In science, a graph is a way of presenting the data collected in an experiment, showing how one variable affects another variable. Experiments are the heart of science; they're how we analyze and understand the world. Scientists refuse to make claims about the world unless they have some hard data, some numbers on which to base that claim. And science experiments are how we get that data.
A science experiment is a way of figuring out the structure and behavior of the world using a systematic method. In any experiment, you change one variable (called the independent variable), and see how it affects another variable (called the dependent variable). Everything else must be kept the same, otherwise it won't be a fair test.
For example, you might want to test how many fruit grow on trees when they're watered by different amounts. The independent variable you're changing is the amount of water the plants get, and the resulting dependent variable you're looking at is how many fruit grow. For this experiment to lead to useful data, everything else must be kept the same. The plants must be in the same kind of soil with the same sunlight. Otherwise, your data would be meaningless because you wouldn't know if the type of soil, amount of sunlight, or other factor was actually causing your result.
Once we have our data, it's time to analyze it. It's time to find the relationship between the two variables.

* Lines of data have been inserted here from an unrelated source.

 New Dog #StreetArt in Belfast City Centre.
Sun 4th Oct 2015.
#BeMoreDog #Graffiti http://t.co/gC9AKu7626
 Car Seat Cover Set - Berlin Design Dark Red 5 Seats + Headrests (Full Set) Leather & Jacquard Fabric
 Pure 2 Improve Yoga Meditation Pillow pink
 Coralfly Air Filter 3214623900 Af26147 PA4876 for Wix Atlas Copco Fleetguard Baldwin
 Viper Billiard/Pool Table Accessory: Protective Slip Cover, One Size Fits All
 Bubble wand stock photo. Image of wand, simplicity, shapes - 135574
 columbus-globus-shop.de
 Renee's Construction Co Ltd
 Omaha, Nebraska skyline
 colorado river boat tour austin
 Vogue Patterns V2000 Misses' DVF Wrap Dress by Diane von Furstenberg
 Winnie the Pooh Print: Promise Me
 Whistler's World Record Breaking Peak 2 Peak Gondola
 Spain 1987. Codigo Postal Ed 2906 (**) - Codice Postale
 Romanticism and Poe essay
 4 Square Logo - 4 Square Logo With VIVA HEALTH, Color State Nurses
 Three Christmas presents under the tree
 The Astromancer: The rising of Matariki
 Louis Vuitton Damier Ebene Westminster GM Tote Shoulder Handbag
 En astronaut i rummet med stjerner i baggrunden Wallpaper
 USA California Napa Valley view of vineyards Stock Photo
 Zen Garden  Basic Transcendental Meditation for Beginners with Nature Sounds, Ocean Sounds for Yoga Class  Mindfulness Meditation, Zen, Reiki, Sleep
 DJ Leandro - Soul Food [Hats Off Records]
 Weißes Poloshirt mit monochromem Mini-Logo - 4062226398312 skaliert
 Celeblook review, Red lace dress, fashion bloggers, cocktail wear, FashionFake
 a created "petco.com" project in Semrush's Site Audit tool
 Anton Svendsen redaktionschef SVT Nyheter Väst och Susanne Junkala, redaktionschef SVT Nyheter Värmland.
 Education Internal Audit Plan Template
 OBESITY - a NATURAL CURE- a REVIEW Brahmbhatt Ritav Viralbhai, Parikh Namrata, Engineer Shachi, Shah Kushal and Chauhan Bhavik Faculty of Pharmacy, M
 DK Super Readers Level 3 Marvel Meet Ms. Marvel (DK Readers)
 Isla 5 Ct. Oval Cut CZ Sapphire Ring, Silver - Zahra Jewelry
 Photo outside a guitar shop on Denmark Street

Graphs are the standard way to present data in science. The most common kind of graph we use to look at the relationship between two variables is called a scatter plot. A scatter plot is where the numbers are plotted on a set of axes by drawing a cross for each of the pieces of data. The independent variable is always plotted on the x-axis, which is the horizontal axis. And the dependent variable is always plotted on the y-axis, which is the vertical axis.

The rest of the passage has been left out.